**Problem statement:**
For this exercise, output the entries below exactly from the line that holds "Luxury Gardens 5" to the line that holds "New 2019 INFINITI", both ends included. No pictures belong in the copy.

**Data extracts:**
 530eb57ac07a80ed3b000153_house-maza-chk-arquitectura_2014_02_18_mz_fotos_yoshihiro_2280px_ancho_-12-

---

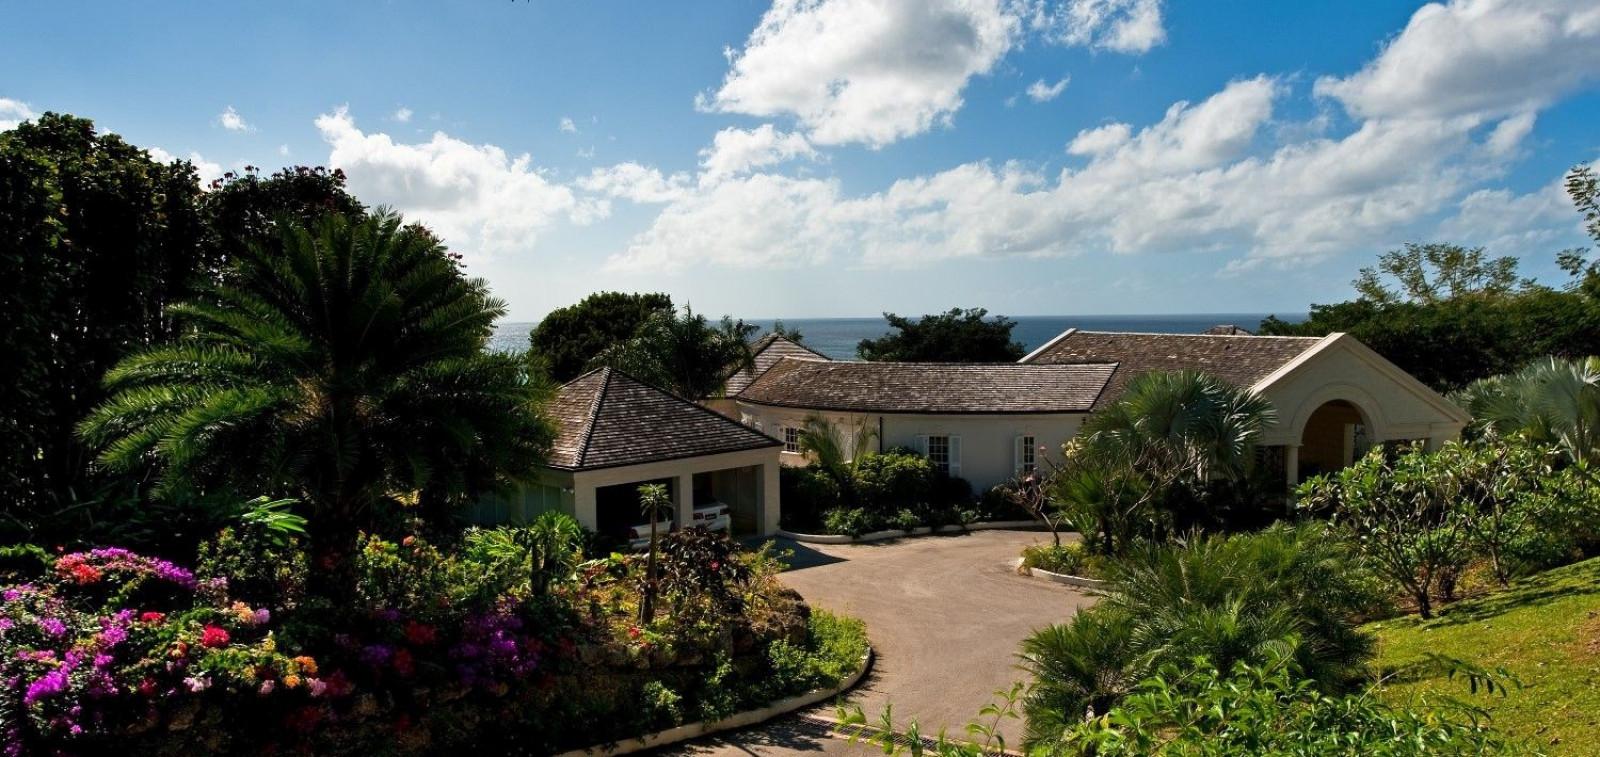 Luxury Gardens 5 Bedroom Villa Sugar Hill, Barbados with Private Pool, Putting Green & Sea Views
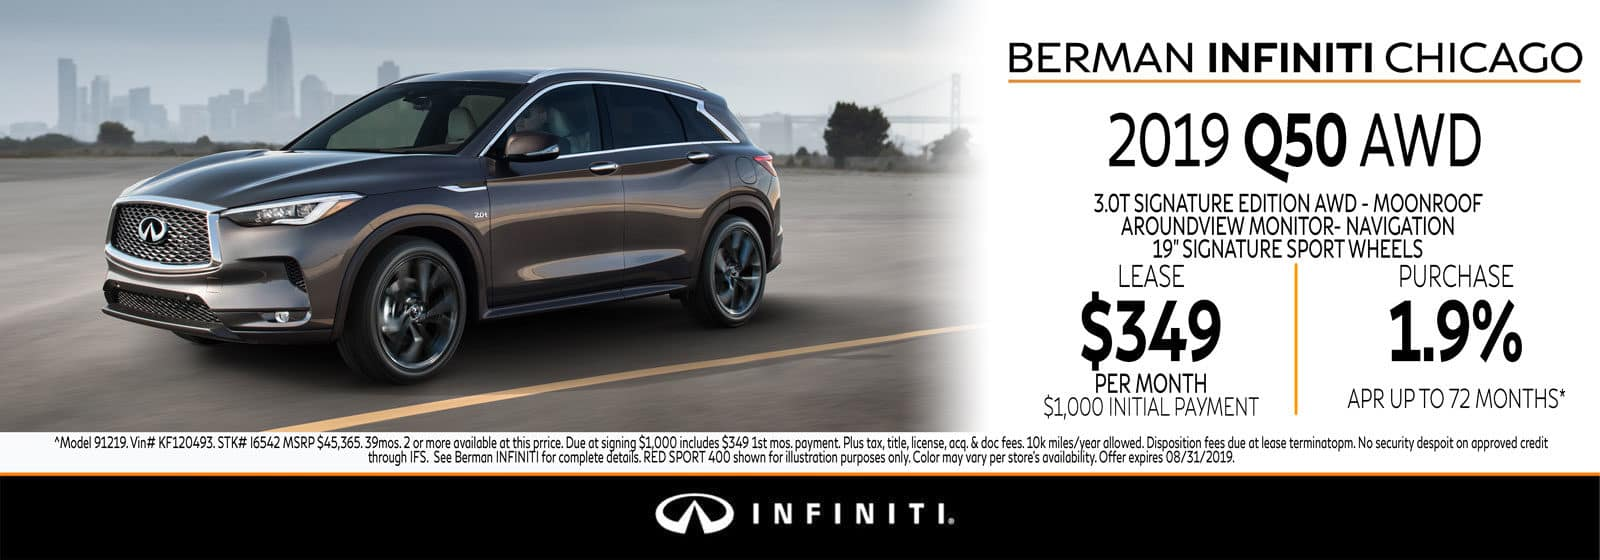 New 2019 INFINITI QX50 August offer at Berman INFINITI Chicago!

**Response to this task:**
 Luxury Gardens 5 Bedroom Villa Sugar Hill, Barbados with Private Pool, Putting Green & Sea Views
 New 2019 INFINITI QX50 August offer at Berman INFINITI Chicago!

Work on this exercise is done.